Many autistic neurodiversity advocates - many of whom would be labeled 'high functioning' by those who use such terminology - contend that there is no neurological difference between someone like Jonathan and someone like Carolyn. The only differences are the outward manifestations of the autistic mind - and the nature of these, of course, as perceived and understood by neurotypicals.

(A side note: Until fairly recently - the past two years or so - it was widely accepted throughout the psychological and psychiatric communities that autistic people are unable to experience empathy; however, many autistic people who can communicate in typical ways have disputed this, with a 2009 study at Harvard University concluding that persons with Asperger's Syndrome in fact experience the same amount of empathy as neurotypicals, and in some cases, experience more empathy.

My theory concerning this discrepancy of the long-held, mistaken assumption is that neurotypicals assumed that if autistic people experienced empathy, they would express it in neurotypical ways and at socially appropriate times. Yet these same neurotypical researchers are the ones who dialogue about the deficit in an autistic person's ability to appropriately read social situations and nonverbal forms of communication - and the subtleties of social communication - which, naturally, would preclude any typical expressions of empathy. If autistic people cannot read the body language of others, how are they supposed to convey their own feelings through the same means of communication? This mistaken assumption about autism and empathy was perpetuated because of the preconceived notions of neurotypicals who did not think outside the metaphorical box.)

Both professionals and lay members of the autism community agree that Asperger's Syndrome is an autism spectrum disorder - or sometimes called 'a mild form of autism'. Then why do they balk at granting self-proclaimed Aspies the title of 'autistic'? Why must we be divided into two separate groups with a line forbidding crossing over? There is no scientific reasoning to support the social conception that autism consists of high functioning and low functioning individuals - the autism spectrum consists of autistic individuals, who run the gamut of being able to cope with a neurotypical world fairly well or not at all - and nearly every possible point in between.
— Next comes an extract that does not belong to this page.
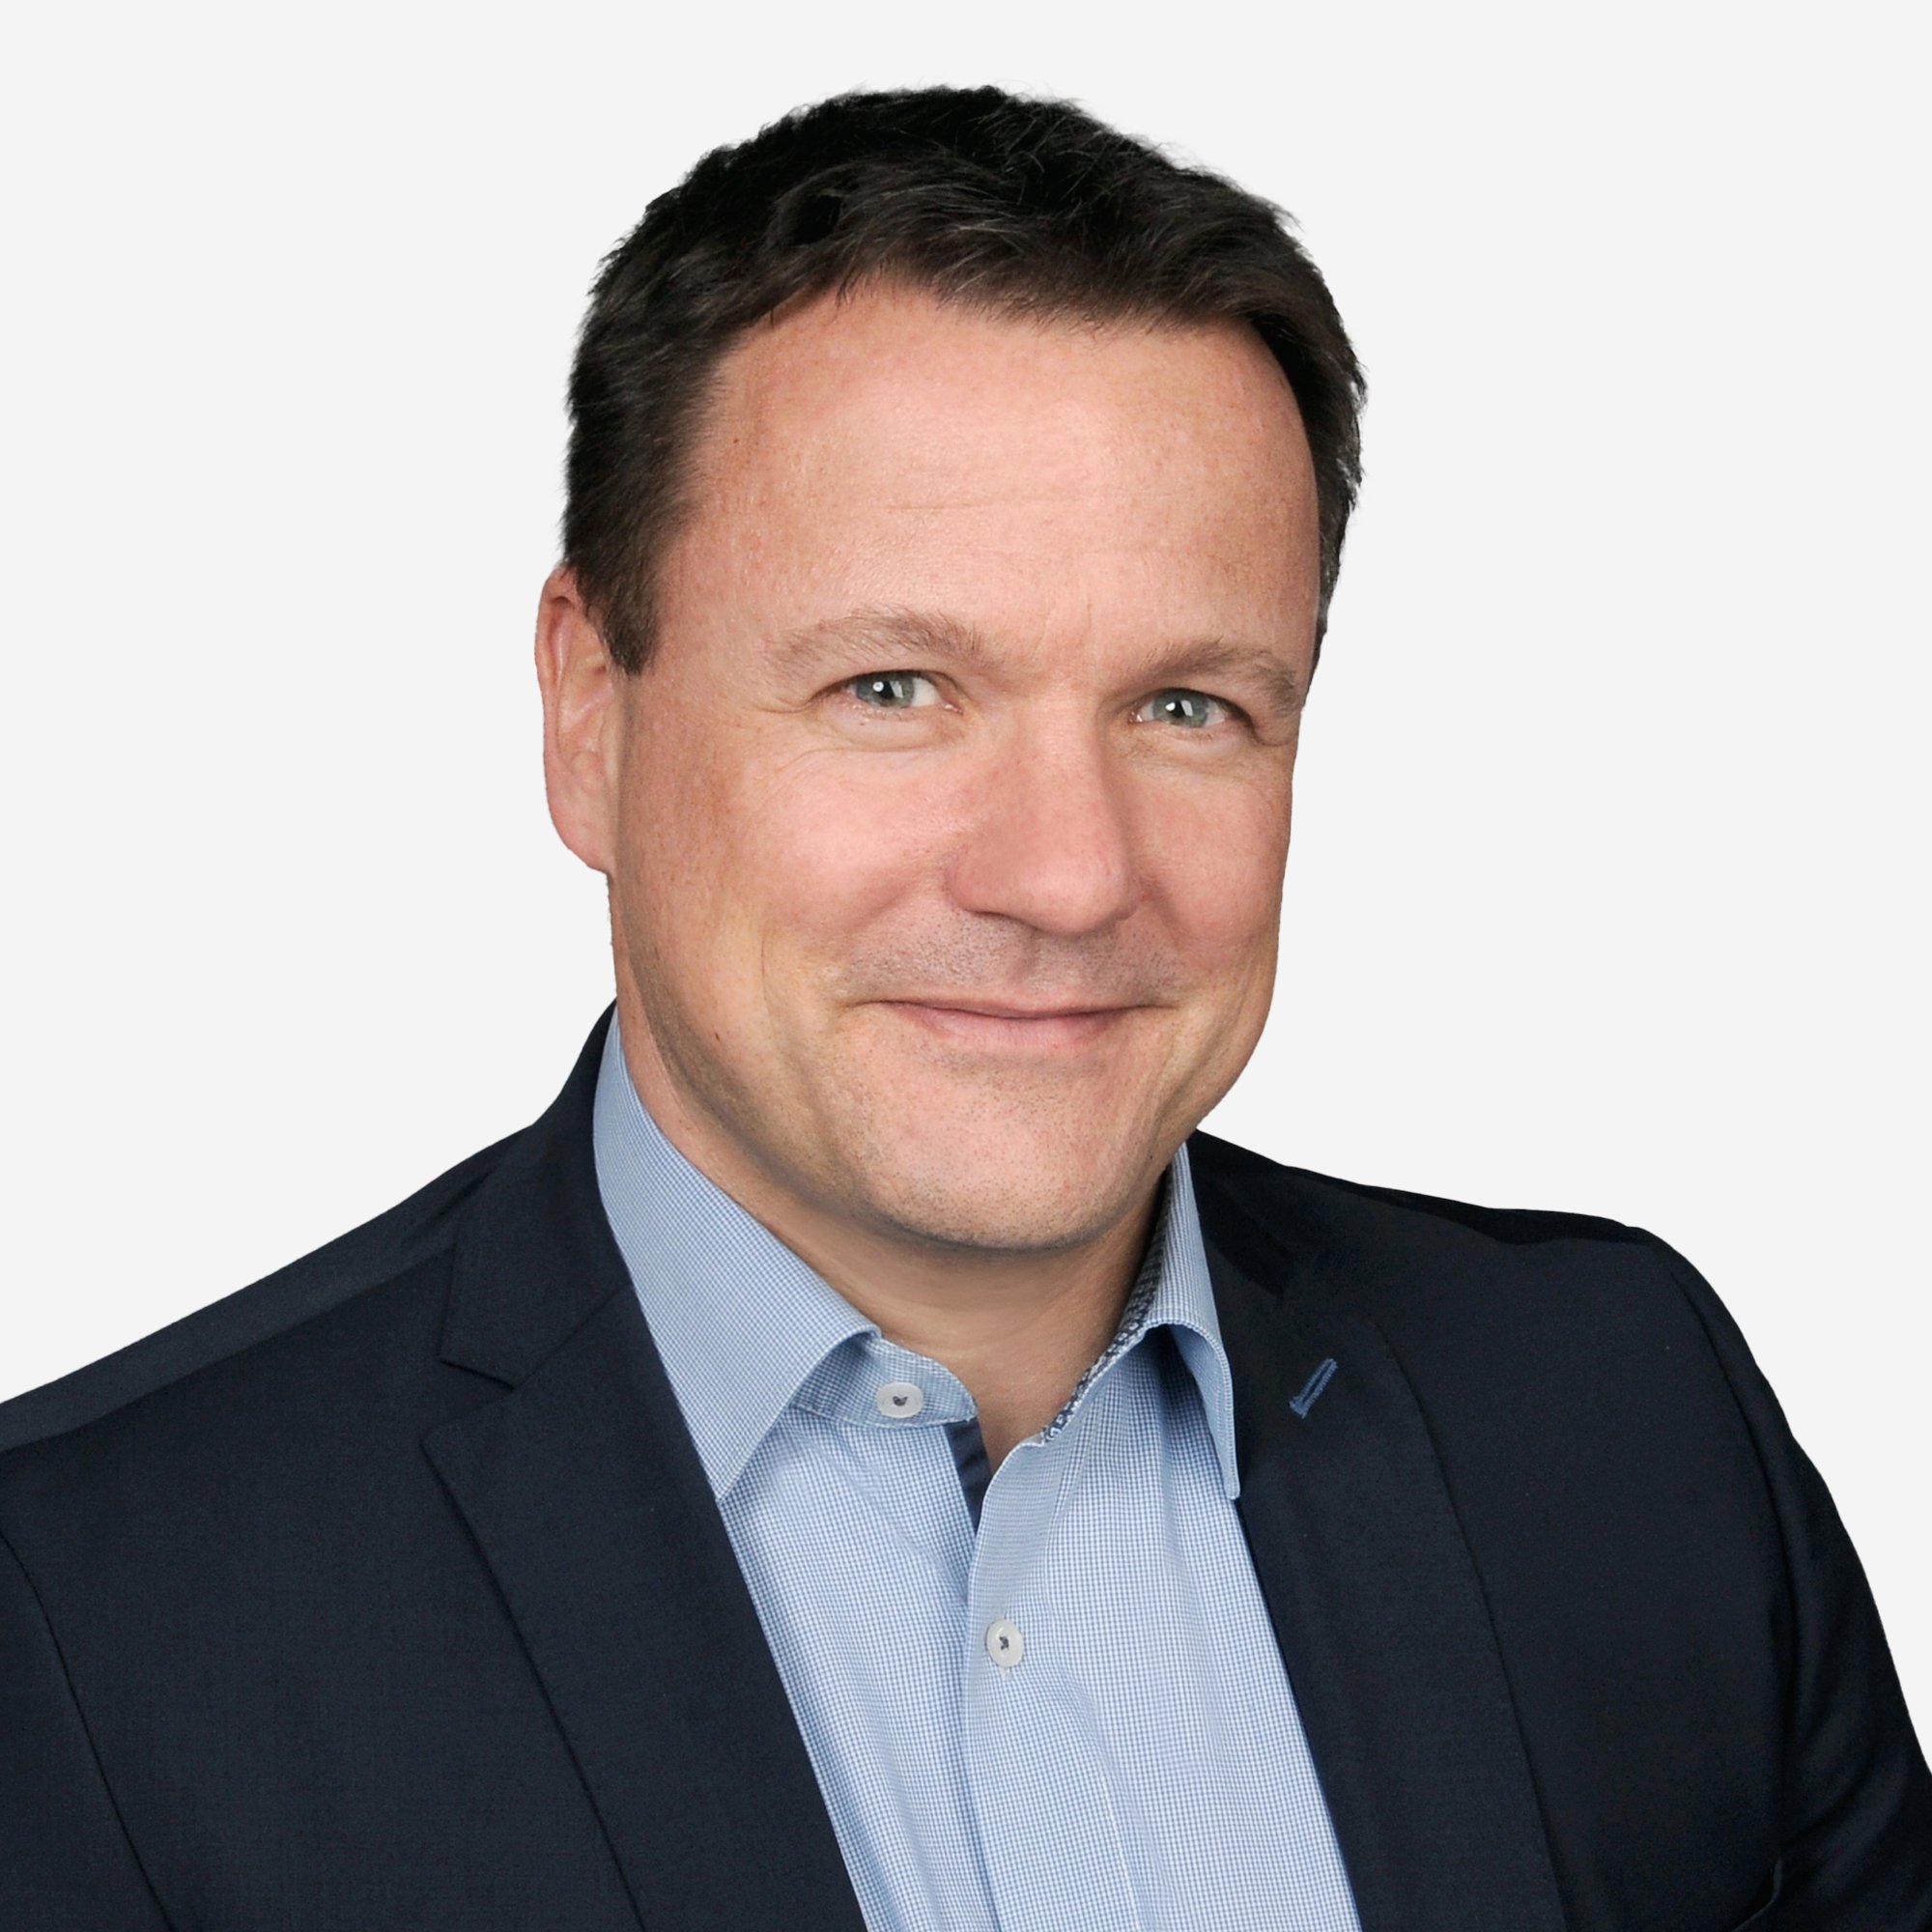 Profilbild von GAPTEQ-Gründer Steffen Vierkorn in hellblauem Hemd und dunklem Sacko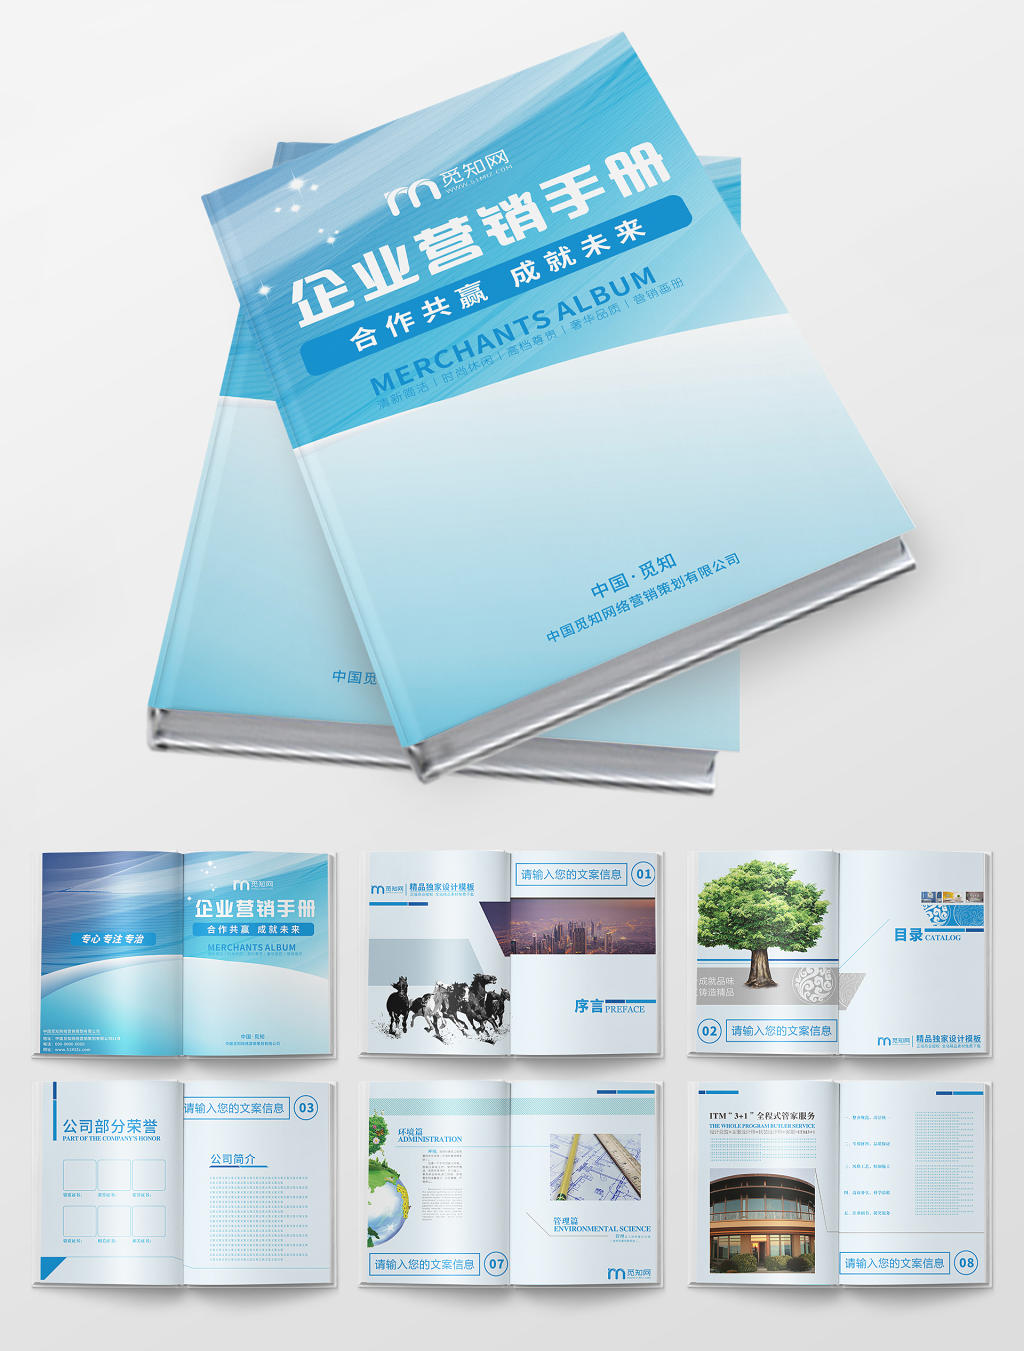 浅蓝渐变几何风格简约设计企业营销手册公司品牌宣传画册封面

The obvious implications of using the terms high functioning and low functioning to differentiate between autistic people are the unspoken connotations of more desirable forms of 'autism', and 'levels' or 'grades' of autism. This idea, idependently, is neither with nor without merit; however, when it is applied in practical situations, it has much farther-reaching sociological impact. Autistic people, when referred to consistently as either high or low functioning, are essentially being valued in a quanlitative way - they are being compared to one another on the basis of their ability or lack thereof to cope in a neurotypical world. They are being judged.

Those labeled low functioning will be reluctantly resigned to a lesser state of being, and it is typically the families and friends of those who sport this questionable label who view autism as a disease in need of a cure, as a form of psychological bogeyman which has a neurotypical persona hostage beneath it. Those labeled high functioning will be assigned a more meaningful state of being, praised for their ability to cope in a neurotypical world - where they nearly always must make the compromises, and where neurotypicals rarely, if ever, concede anything to them - and reassured by their friends and families that they are not in fact truly autistic, and merely have a social disorder, or something of the like.

Invariably, this results in furthering the schismatic nature of the autism community - already divided over the issues of a cure for autism, the nature of the causation of autism, the various forms of therapy or treatment available for autism, and the best ways to reach out to those affected directly or indirectly with autism - by dividing autistic people themselves into two broad, sweeping categories which inevitably alienate them one from the other, by implying that to be in one is more desirable than to be in the other, while simultaneously avoiding giving voice to that implication and yet casually and consistently forcing usage of the very terminology that creates this effect.

If these terms were to be eliminated, how can we distinguish between the numerous conditions that are considered autism spectrum disorders, and the general patterns of effect on the individual in question?

The proposed revisions for the DSM-V merge all of the autism spectrum disorders into a single entry, allowing for only one possible diagnosis, not a myriad of possible diagnoses, as has been the case throughout the existence of the current DSM-IV. These revisions have been met with criticism from throughout the autism community, including, but not limited to, adults with Asperger's Syndrome who assert that Asperger's is a unique condition not to be equated with Autistic Disorder, parents of autistic children who claim that their children are more adversely affected than those with a diagnosis of Asperger's, and those concerned about the possible ambiguity of the new diagnostic criteria and the potential for misdiagnosis.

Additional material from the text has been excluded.